Technology

OpenAI announces Sora, a wild AI text-to-video model. See it in action.

OpenAI logo on a smartphone against a gray backdrop

First text, then images, now OpenAI has a model for generating videos.

On Thursday, the makers of ChatGPT and DALL-E announced Sora, a text-to-video diffusion model. As of today, Sora is available to red teamers, or experts who adversarially test the model for harms and risks. Per the announcement, it is also available to a select group or visual artists, designers, and filmmakers “to gain feedback on how to advance the model to be most helpful for creative professionals.”

OpenAI has been developing generative AI tools at breakneck pace ever since it launched ChatGPT in November, 2022. Since then, we’ve seen the release GPT-4, voice and image prompts, the new DALL-E 3 image model, all available via ChatGPT. OpenAI’s API has also had an exponential effect on the AI industry, by enabling companies and developers to create their own generative AI tools. Now, OpenAI is taking a major next step towards advancing AI capabilities with video generation.

There are other video generating models out there, but none that are able to produce realistic, complex videos like the ones Sora allegedly creates. Meta has a tool for making short video clips, and Google is working on its own text-to-video model, but it’s still in research phase.
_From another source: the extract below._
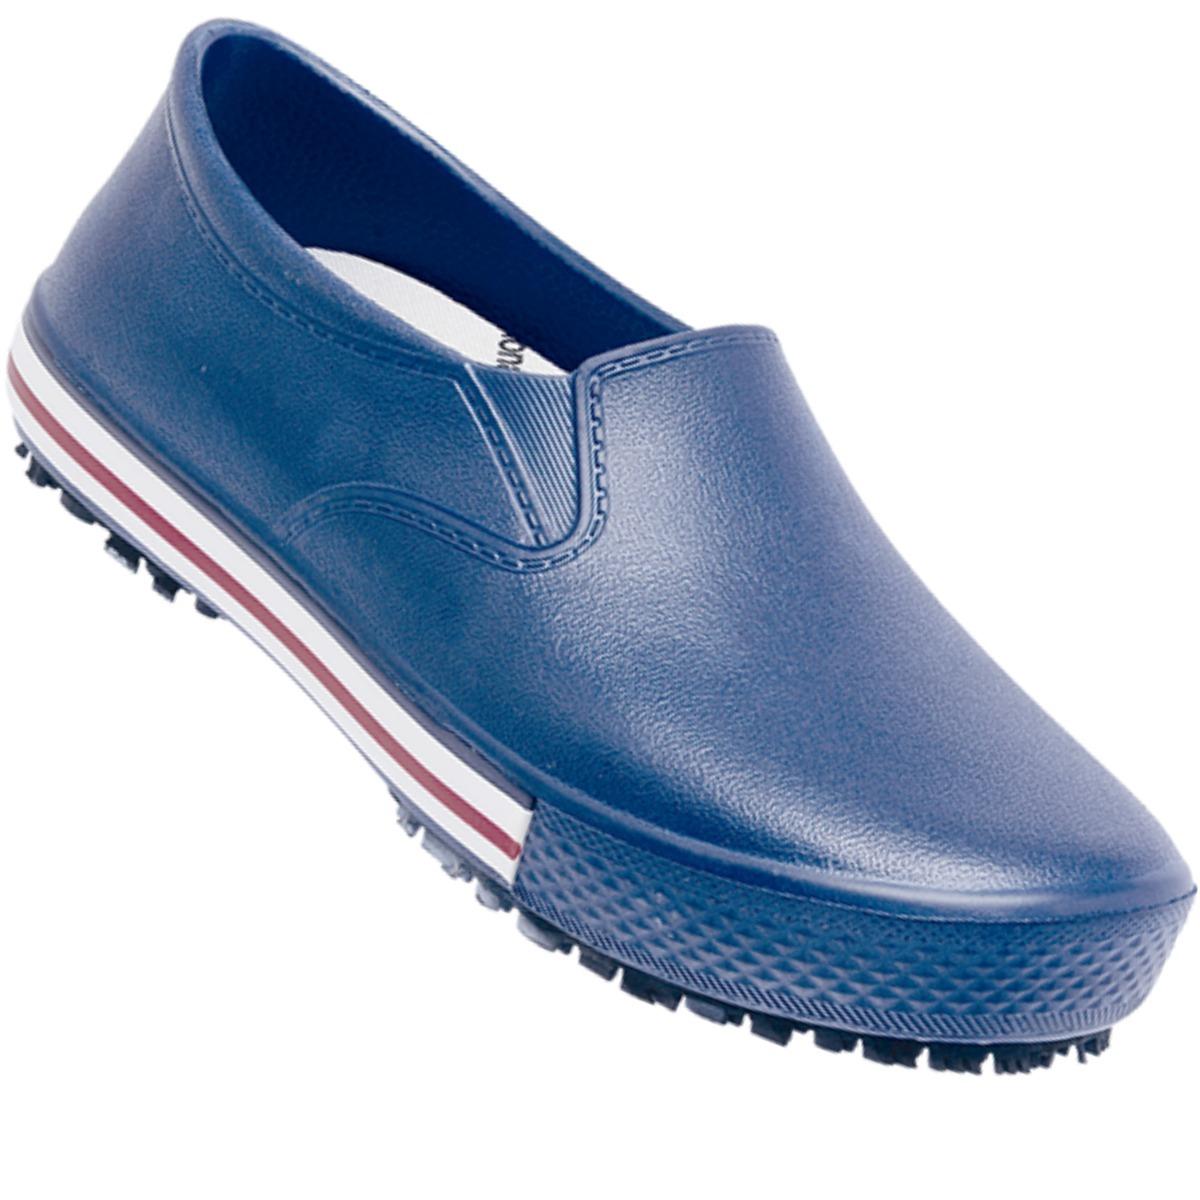 218065b3c4 Calçado De Segurança Tipo Tênis Softworks® Segurança - R  69

With Sora, users can generate videos of up to one minute long, incorporating detailed scenes and multiple characters. The announcement includes clips of a video following an SUV along a winding mountain road and “historical” footage of California during the gold rush era.

Now for the safety fine print. Aside from red-teaming the model, OpenAI says its building tools to label Sora-created videos as such, with C2PA guidelines. It is also using existing safety methods applied to DALL-E that reject inappropriate or harmful text prompts.
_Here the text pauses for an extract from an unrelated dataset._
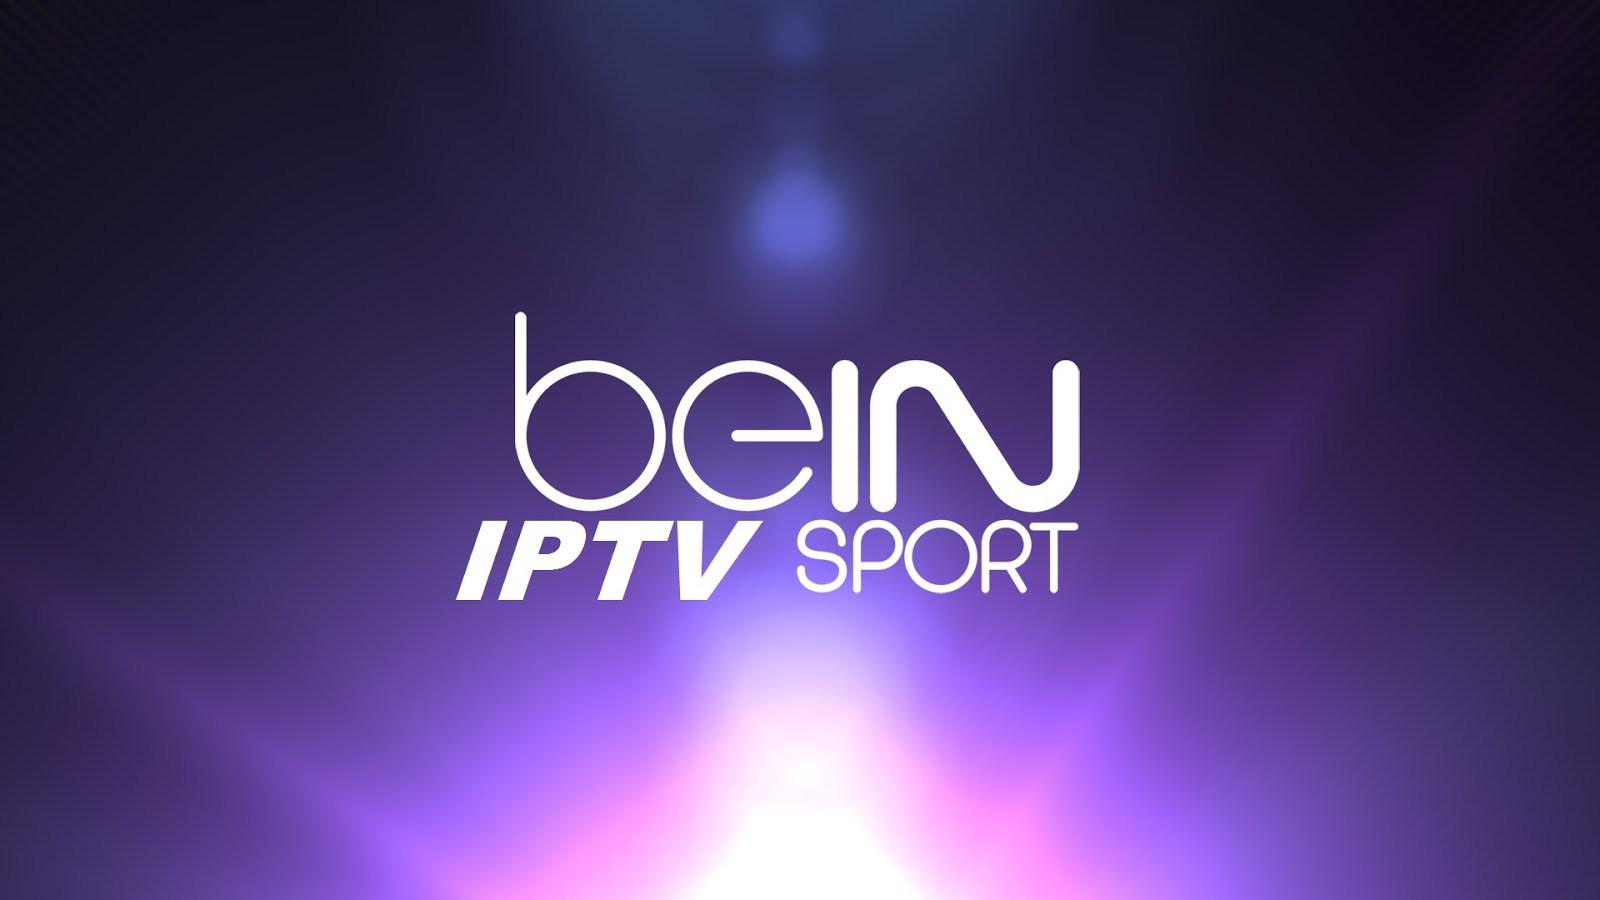 T%25C3%25A9l%25C3%25A9charger-IPTV-m3u-Bein-Sport-Kodi-Vlc-12-06-2017.jpg

Lastly, OpenAI says it will be “engaging policymakers, educators and artists around the world to understand their concerns and to identify positive use cases for this new technology.” The company believes the best way to learn all the beneficial and harmful ways people will use Sora is by “learning from real-world use is a critical component of creating and releasing increasingly safe AI systems over time.”